No, I don't know that every specific feature will remain the same, but I don't care (much) as long as the primary function still works, which it has a very high probability of doing in the near future and decent probability in long term. About as high (in the case of Amazon, at least) as it would for a physical book, actually.
In the rare case I want to "loan" a book to a friend I can send him a link electronically and he can download a copy of the eBook himself for a fee (which may very well be the same fee that I paid). All without the hassle of driving over to his house to hand the physical book, keeping track of it so I can pester him to give it back when he's done, only to find that he it's got coffee stains and many of the pages are wrinkled because he read it in the bath.

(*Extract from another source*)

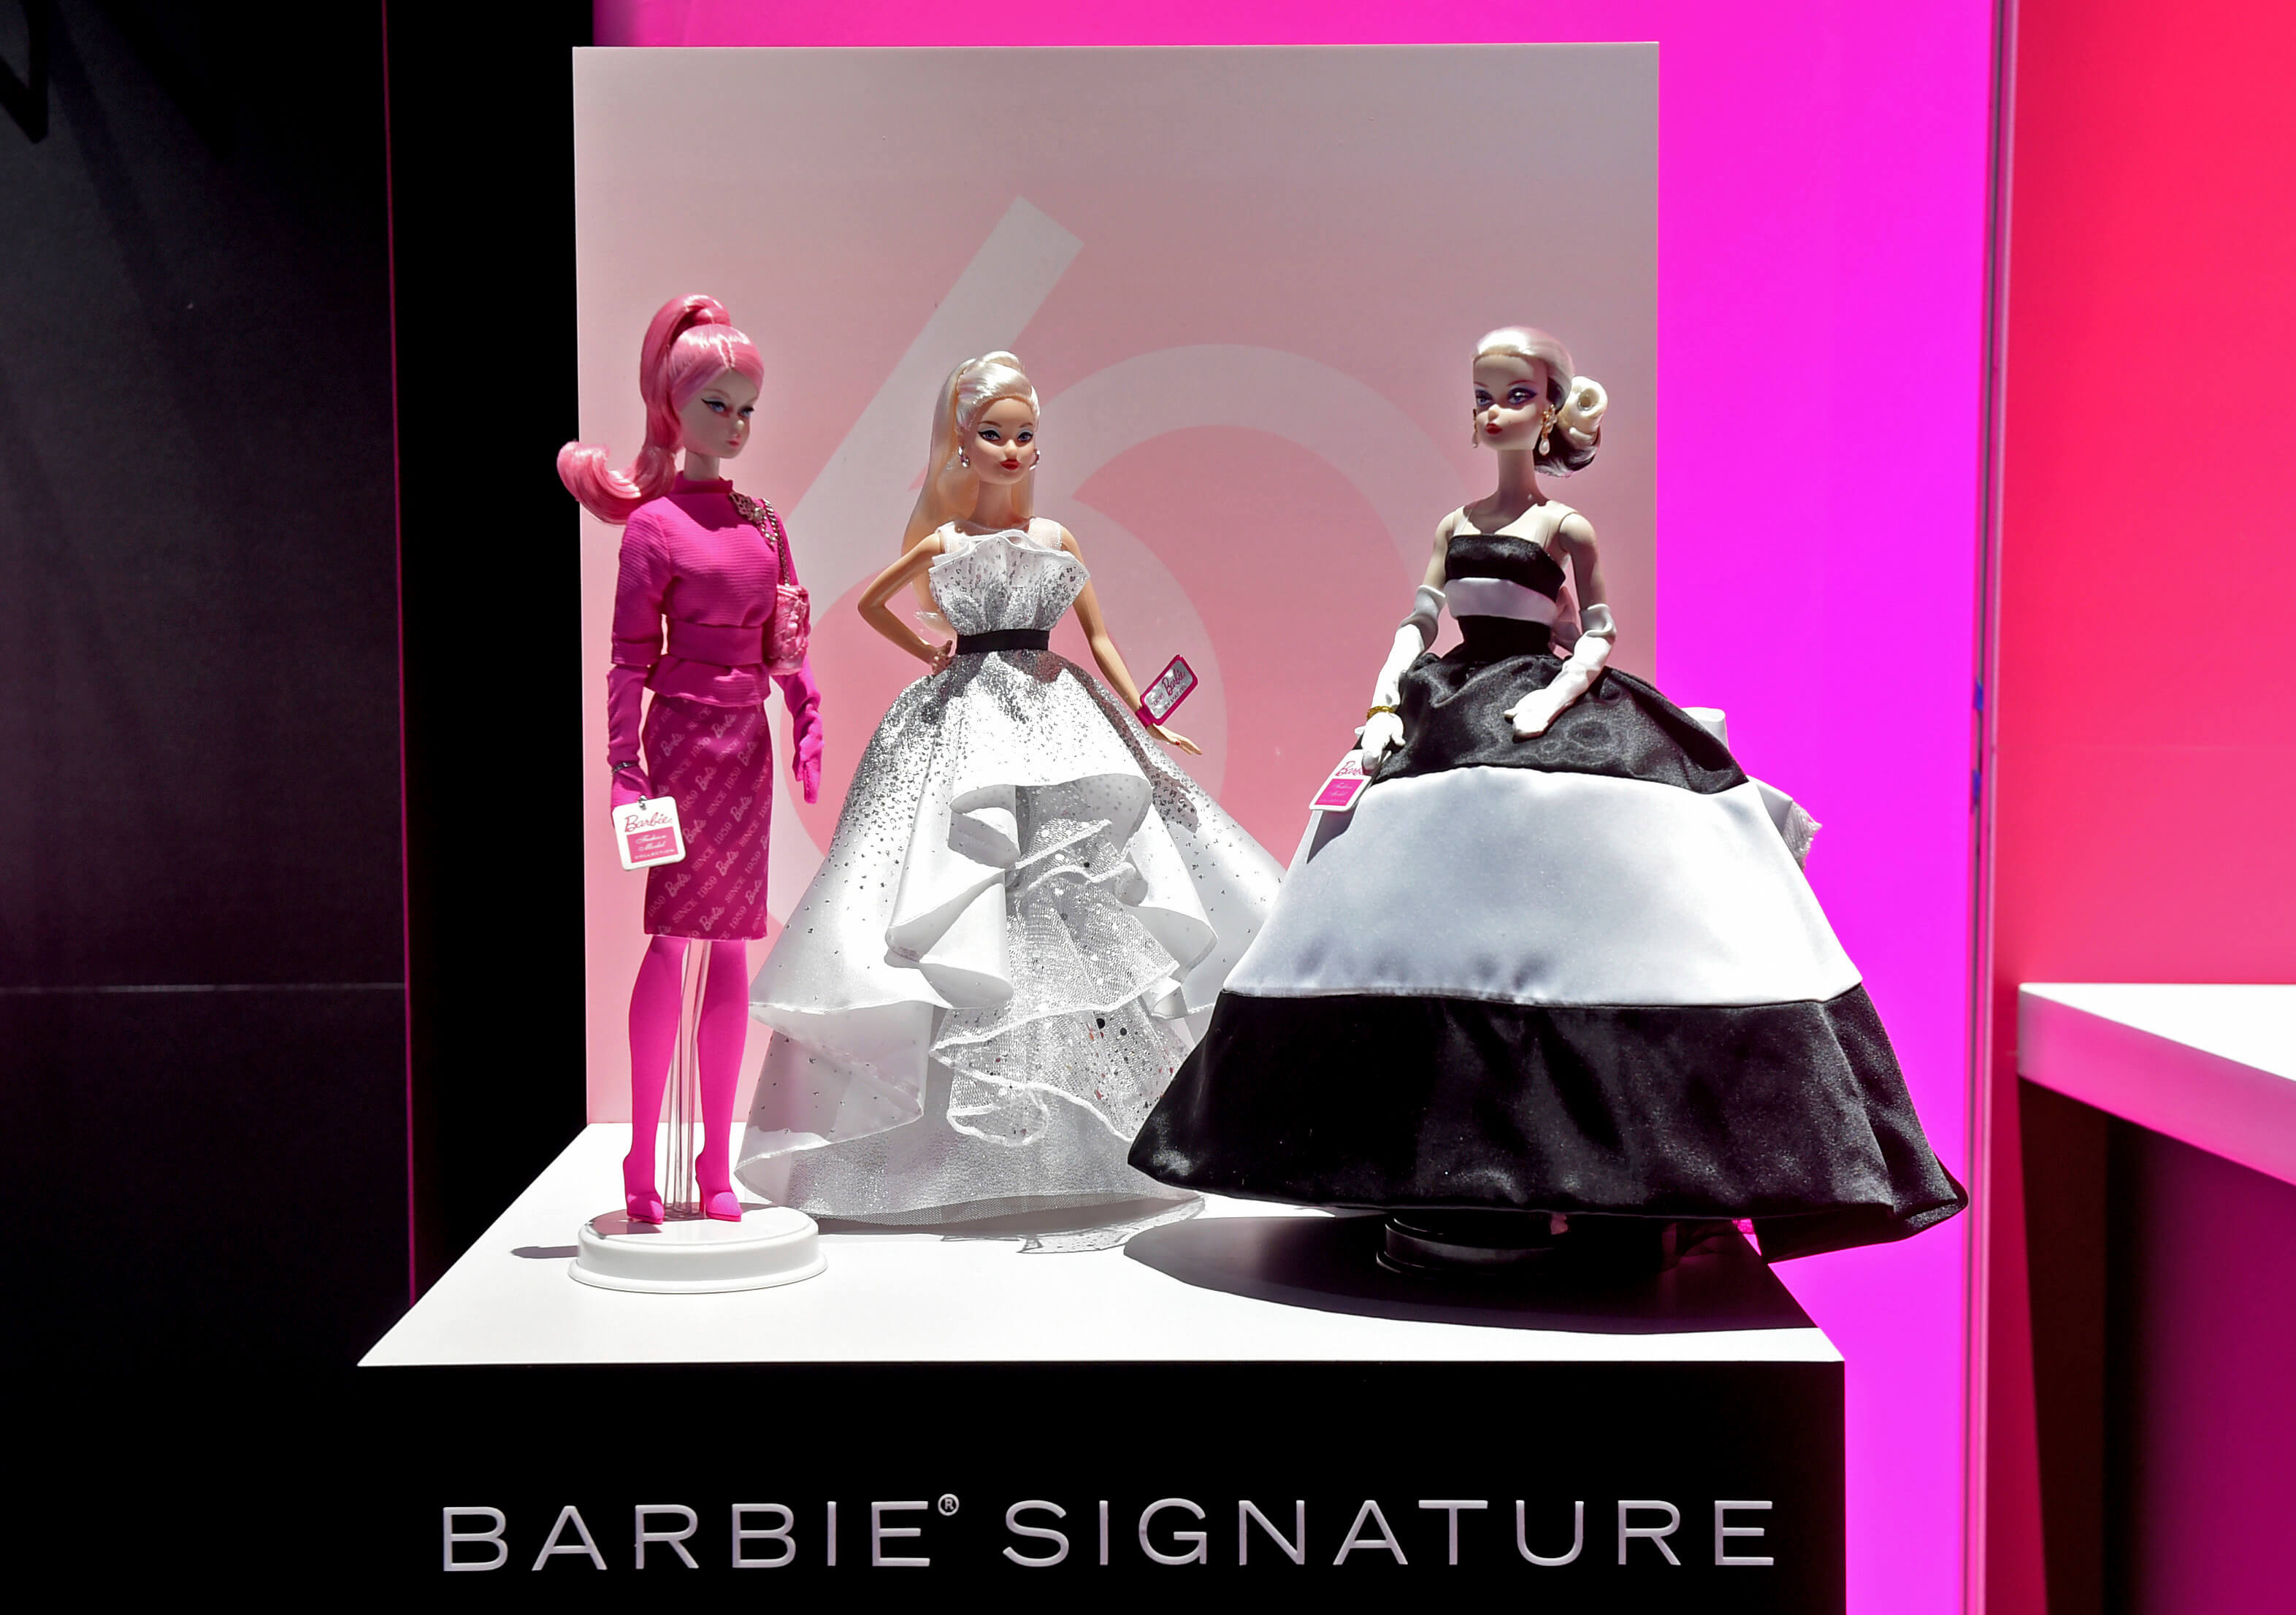 La muñeca Barbie, de fiesta por el mundo por su 60 cumpleaños

Paper books and eBooks are not the same, they don't have to do everything that the other does for them to be tremendously useful - this includes loaning or reselling. It would be great if eBooks also had those features, but that is a bonus, not a requirement. If you can figure out a way to get rid of the DRM while still protecting the publishers and booksellers, I suggest you let them know. They're not idiots and they're only as greedy as every other for-profit business - it's just that this is a difficult problem with no easy solution. The absolute freedom and guarantee you demand is not reasonable and you wouldn't want to pay the high cost to pay for it.
My paper book is as easy to backup as the mechanism I choose to use. I can choose the easiest method available to the medium.
So... almost impossible then? Copying a file, even a DRM-encumbered file, is far easier than photocopying a book (or repurchasing it, which is the normal "backup" procedure.
You're special forces then? That's great! I just love your olympics!